Background: Brown adipose tissue (BAT) preferentially oxidizes stored triglycerides (TAGs) to generate heat during acute exposure to cold. However, the time course of its activation is not well described as we are currently limited to BAT measurements before and after an acute stimulus. Magnetic resonance imaging (MRI) is a preferred modality to uncover such evidence, as it estimates TAG content via fat fraction (FF), and permits repeat scans in the same subject. As such, serial FF measurements in a defined BAT region of interest during a uniform whole-body temperature challenge is warranted.
Objectives: The first objective of this study was to assess the pattern of change in supraclavicular (SCV) BAT and posterior neck subcutaneous adipose tissue (SAT; a region with an unestablished role in non-shivering thermogenesis) FF during a mild cold exposure in adult males.
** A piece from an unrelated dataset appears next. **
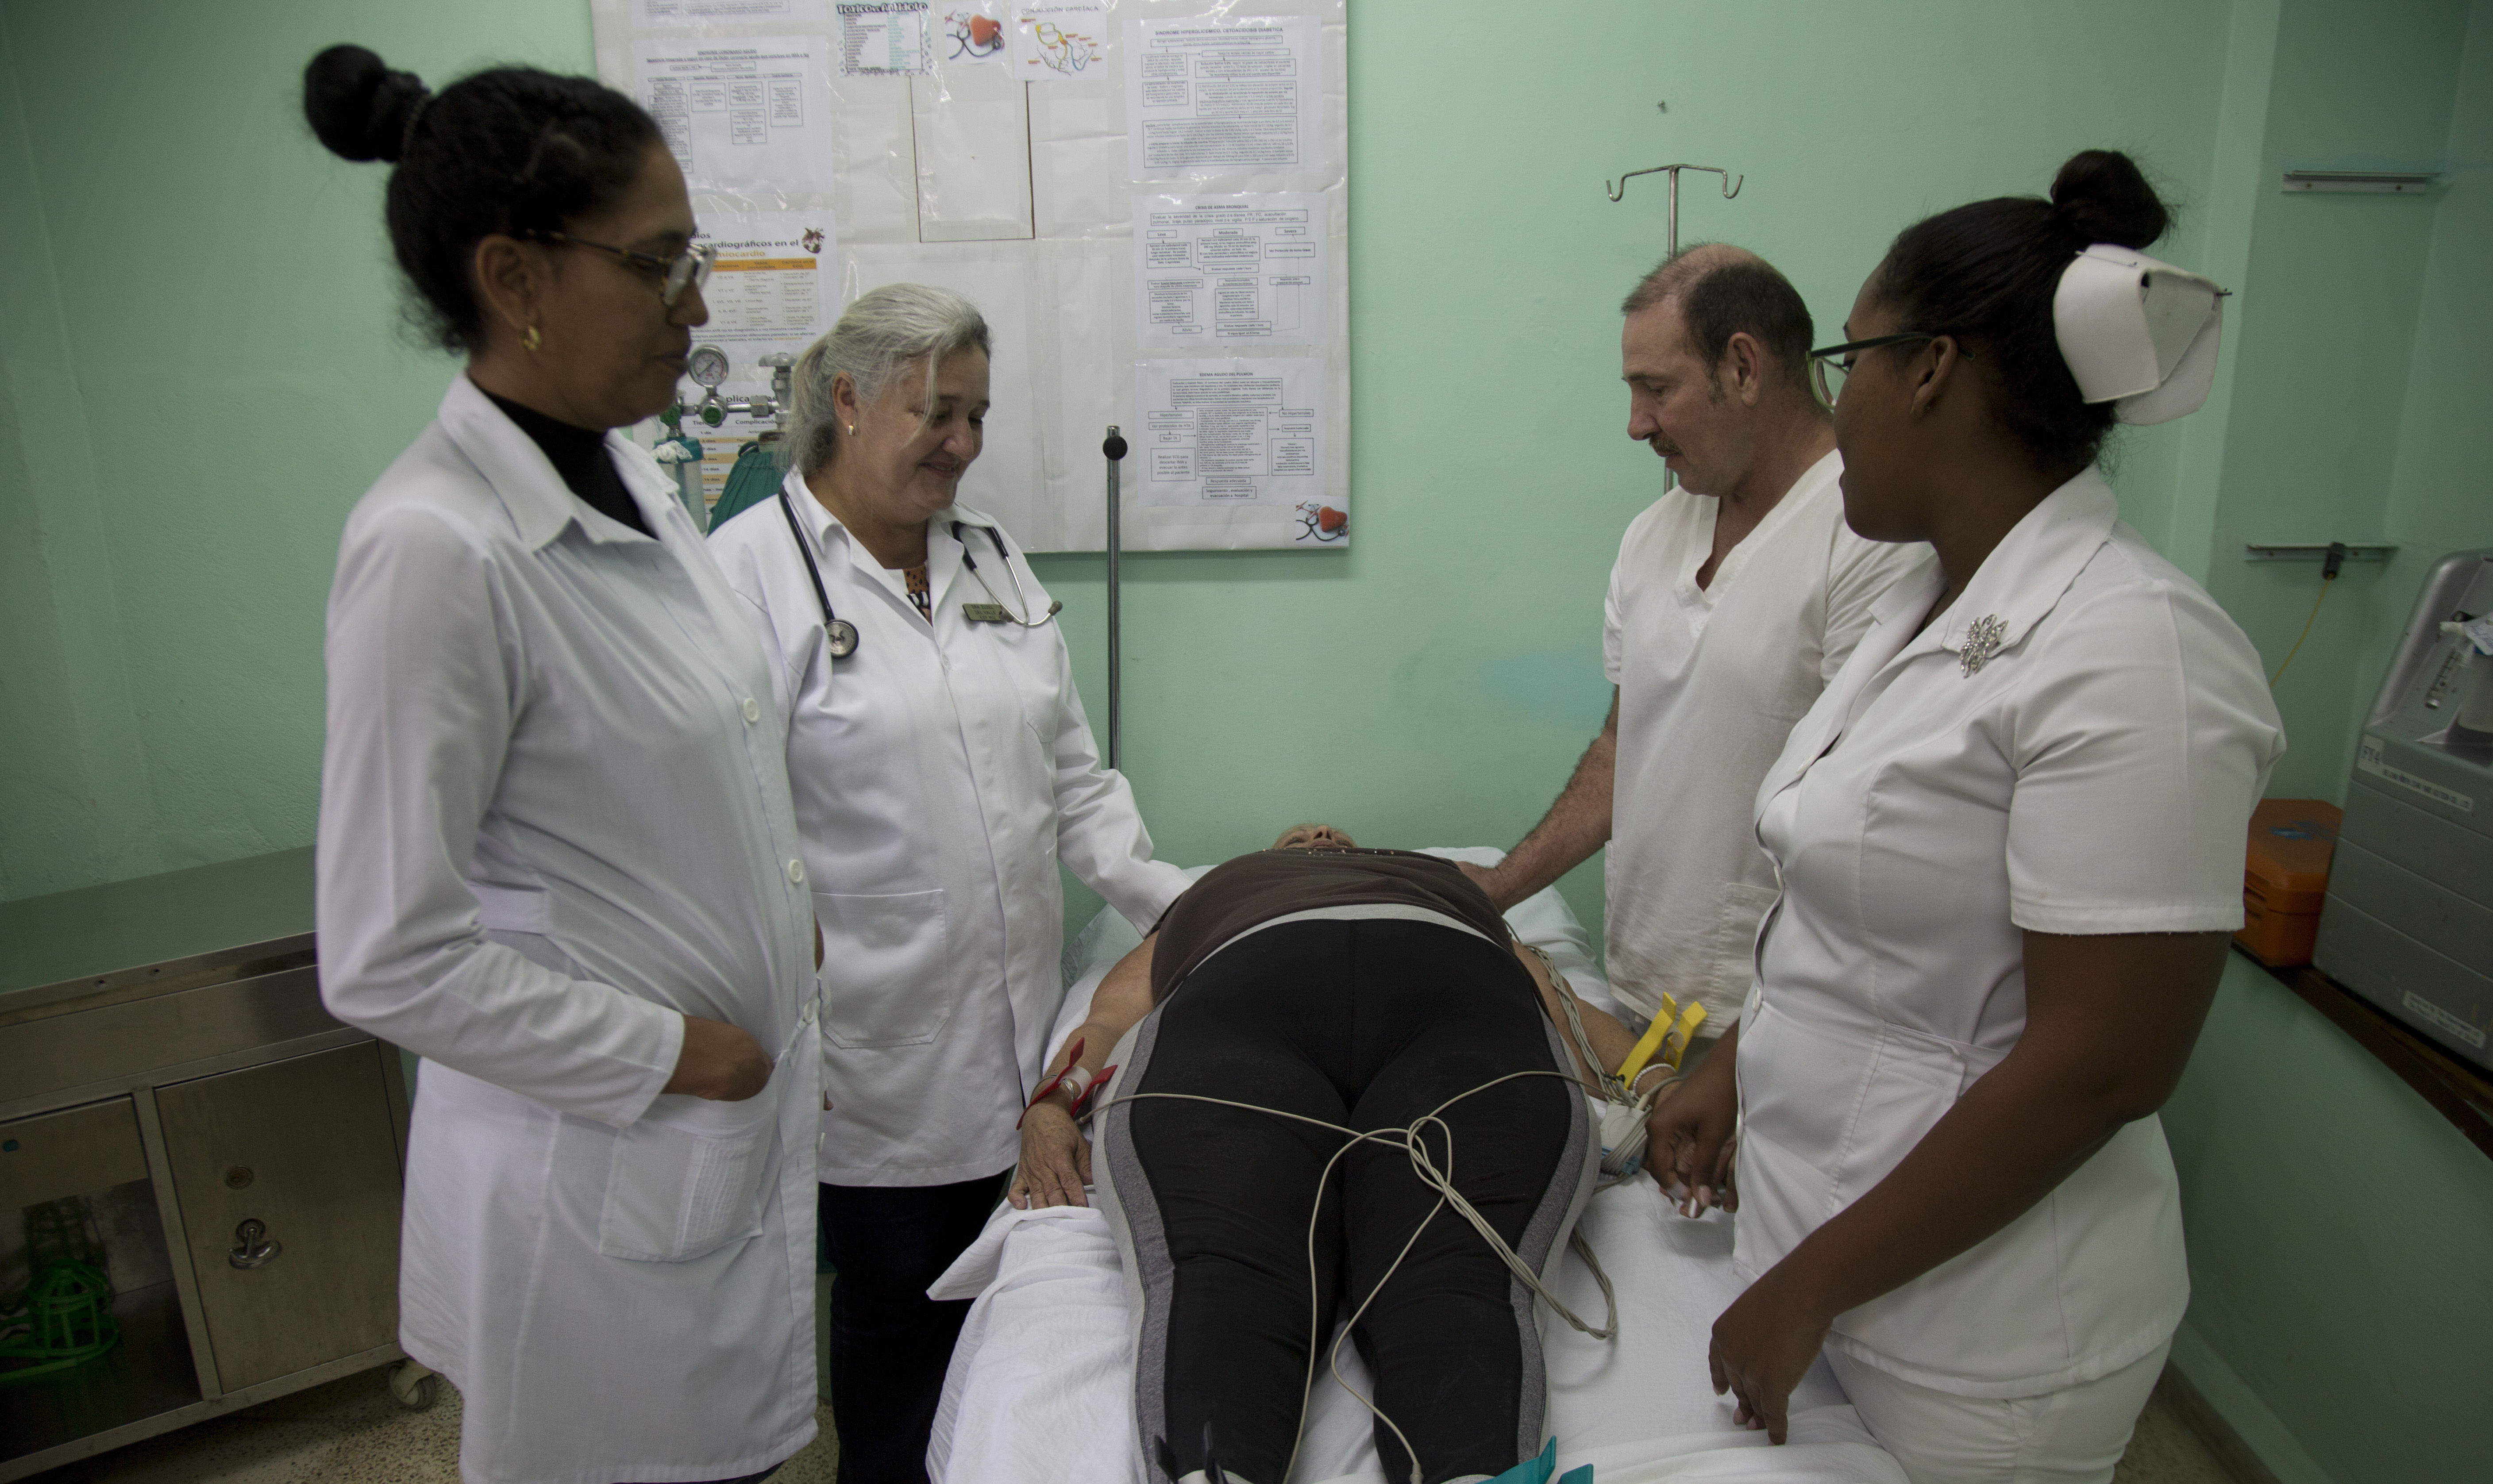 Nurses, technicians and specialists stand around a patient at a polyclinic in Havana, Cuba, Wednesday, Feb. 12, 2020.  Hundreds of neighborhood clinics are the front-line defense against contagious diseases in Cuba, providing care to patients seeking relief from colds, aches and minor injuries. (AP Photo/Ismael Francisco)

The second objective was to evaluate if indices of body composition were related to the pattern of cold-induced change in SCV BAT FF. The final objective was to assess the influence of warming immediately following cooling on these changes.
Methods: Twelve males between the ages of 19 and 28 were recruited to this cross-sectional study. Users of tobacco, nicotine, and/or alcohol, those with contraindications for magnetic resonance imaging (MRI), and diseases, surgeries, and/or medications associated with thermogenesis were excluded. There were two study visits in total. During the initial visit, anthropometric measurements were carried out in triplicate (i.e. height and weight to determine body mass index (BMI), and body composition measurements (i.e. % body total fat and lean mass (kg)) were obtained using Dual Emission X-Ray Absorptiometry. Within 30 days of this initial visit, subjects attended a time course MRI session. At this visit, participants underwent standardized cold (3-hours at 18°C) and subsequent warm (30 minutes at 32°C) exposures using a water-perfused suit while lying in a 3 Tesla MRI scanner, and the temperature of the water entering and leaving the suit was recorded throughout. FF in the SCV region and posterior neck SAT was measured at defined intervals during both temperature challenges. Separate time course plots of the mean reduction in FF from baseline were constructed for the cooling and warming phases. For the first objective, the rate and magnitude of FF changes in SCV BAT and posterior neck SAT over defined time intervals were determined through calculations of slope and area under the curve (AUC), respectively. Identification of the earliest point of change from baseline, and the point at which changes were no longer different from those measured after 3 hours of cooling, were accomplished through paired comparisons using a random-slope linear mixed model with measures at 0 minutes and 180 minutes used as the reference values, respectively. A random-intercept multilevel regression model was used to define the cold-induced change in FF over time. For the second objective, a Spearman rank-order correlation assessed the association between indices of body composition (i.e. BMI and % total body fat) and indices of BAT activity (i.e. AUC and FF reduction) at time points of interest as identified by objective 1.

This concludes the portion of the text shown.